After I had had a wash the attendant monk led me to the next room. There was a mat, a glass of water, a heap of puffed rice on a plate and pudding made with the juice of the palmyra-fruit. With my head bent and my mind pre-occupied with thoughts of Mother, I finished it all. How wonderful it tasted, like nectar! I had had puffed rice with palmyra-fruit pudding so many times before but never had it seemed so delicious.

At Jairambati Mother seemed to be really motherlike. In a white sari, grey with use, she stood awaiting my arrival with such love and compassion! When I had seen her about ten months ago at 'Mother's House' in Baghbazar she had not seemed so close.

A little later I went again to Mother. She was sitting in the verandah outside her room, her legs stretched out, and cutting vegetables. After touching her feet I sat beside her and read out the letter from Mahapurush Maharaj. She enquired after Tarak's (Mahapurush Maharaj's) welfare and questioned me with much solicitude about our famine-relief work. Regarding the initiation she said, 'My child, tomorrow is an auspicious day (perhaps it was Janmashtami), so tomorrow I shall impart initiation to you. Don't eat anything in the morning. After your bath, wait. I shall call you when it is time.' Then she asked me to offer pranams in the adjoining room where she performed puja.
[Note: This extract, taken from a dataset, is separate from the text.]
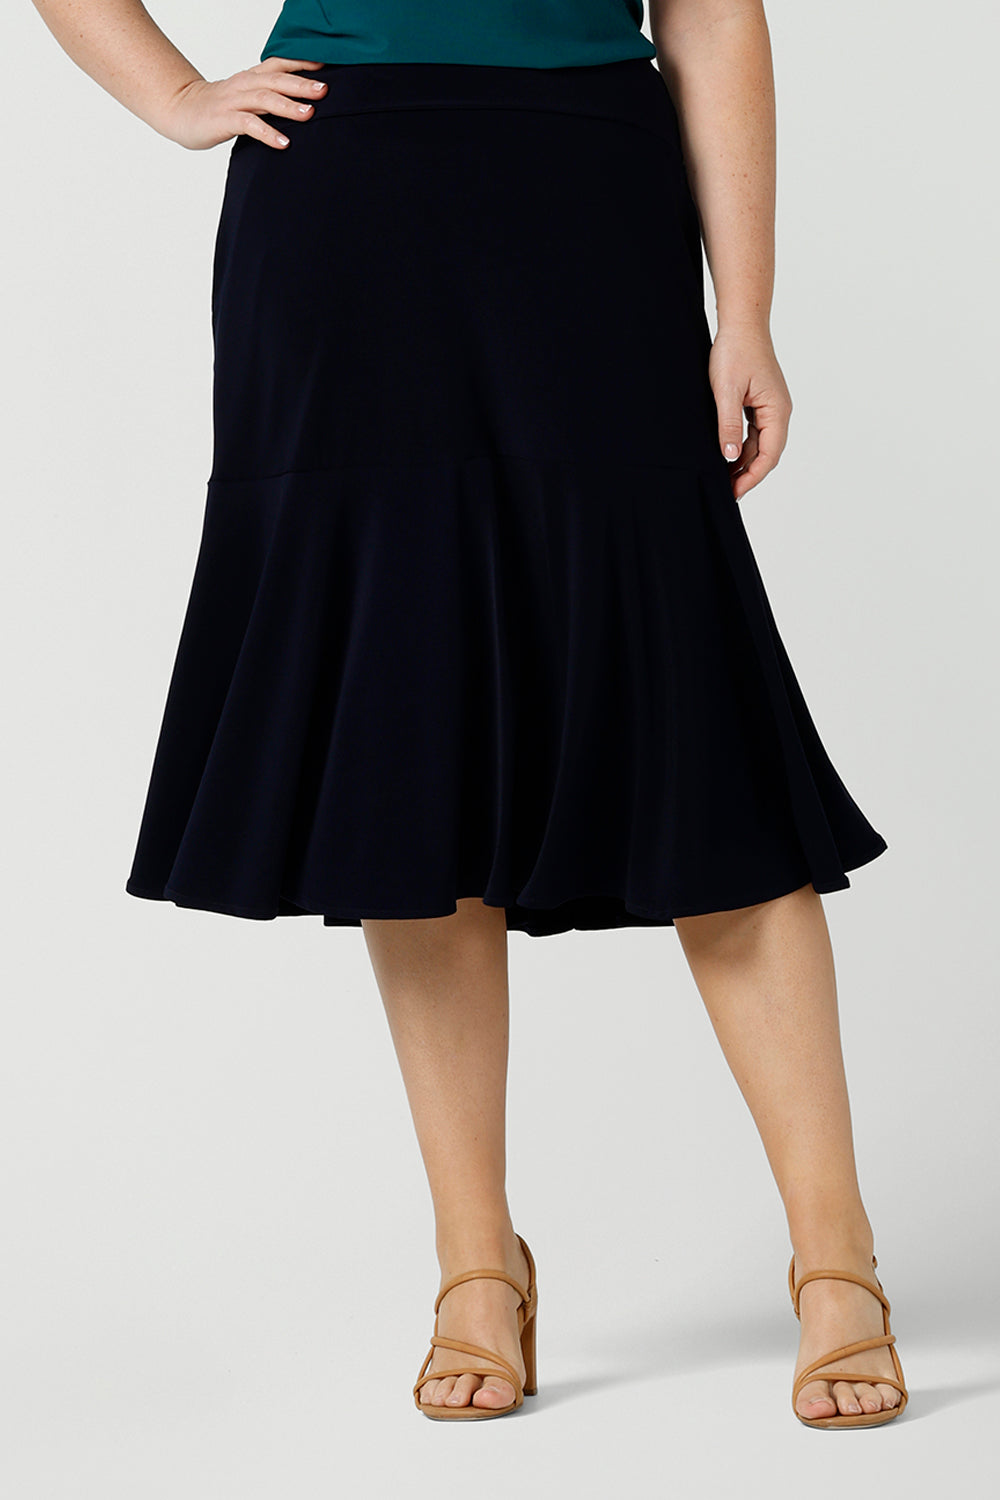 A great example of Australian-made skirts, this navy blue knee-length skirt in comfortable jersey fabric is shown in a size 12 as workwear for curvy women. Available from Australian ladies clothing brand, Leina & Fleur, this classic navy skirt is available as petite to plus size office wear in their online boutique.
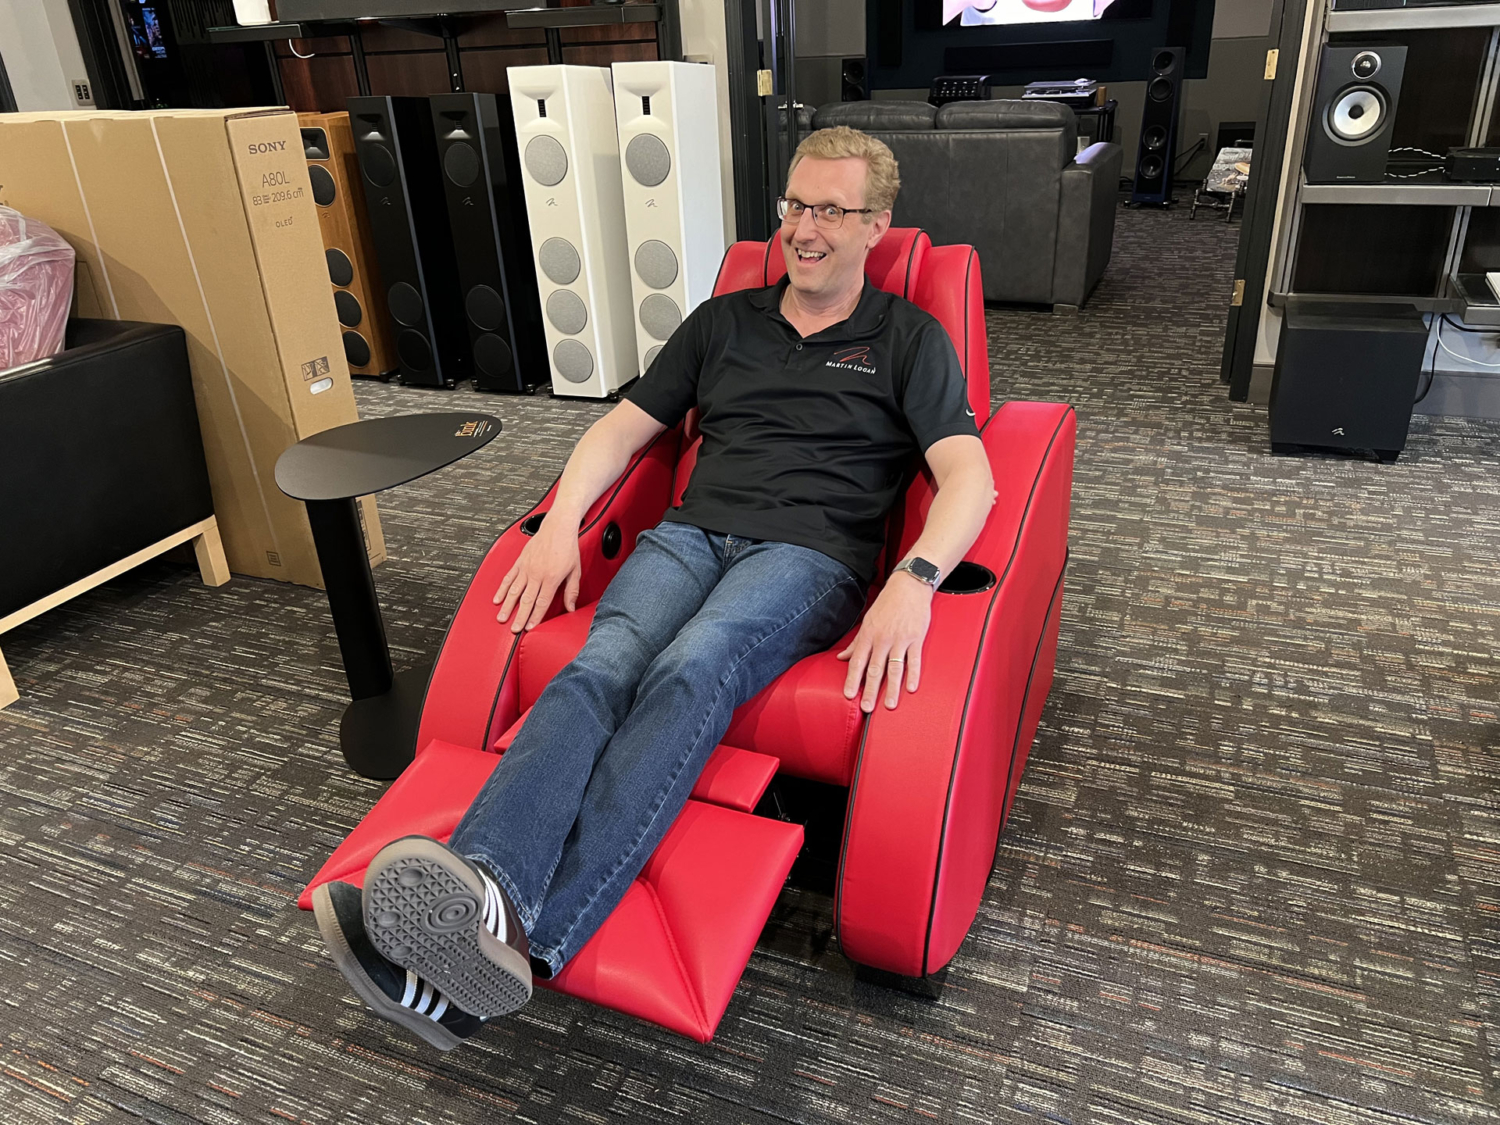 Come down and sit in a premium example of Elite Theater Seating at K&W Audio today. It will make you very happy! Just ask Andrew.

I had taken with me homeopathic medicine which the doctor swami, Baikuntha Maharaj of Bankura, had sent for her urticaria. As soon as I gave it to her she said, movingly, 'Baikuntha has sent medicine for me? Give it to me, my child, give it to me. Baikuntha's medicine heals all ailments. See how my whole body is affected, this acute suffering from urticaria does not let me remain in peace.' As she spoke she uncovered her chest and back to show me the affected parts and her suffering brought tears to my eyes. She put away the medicine and with deep concern sought news of Baikuntha Maharaj and others. She chatted about so many more matters!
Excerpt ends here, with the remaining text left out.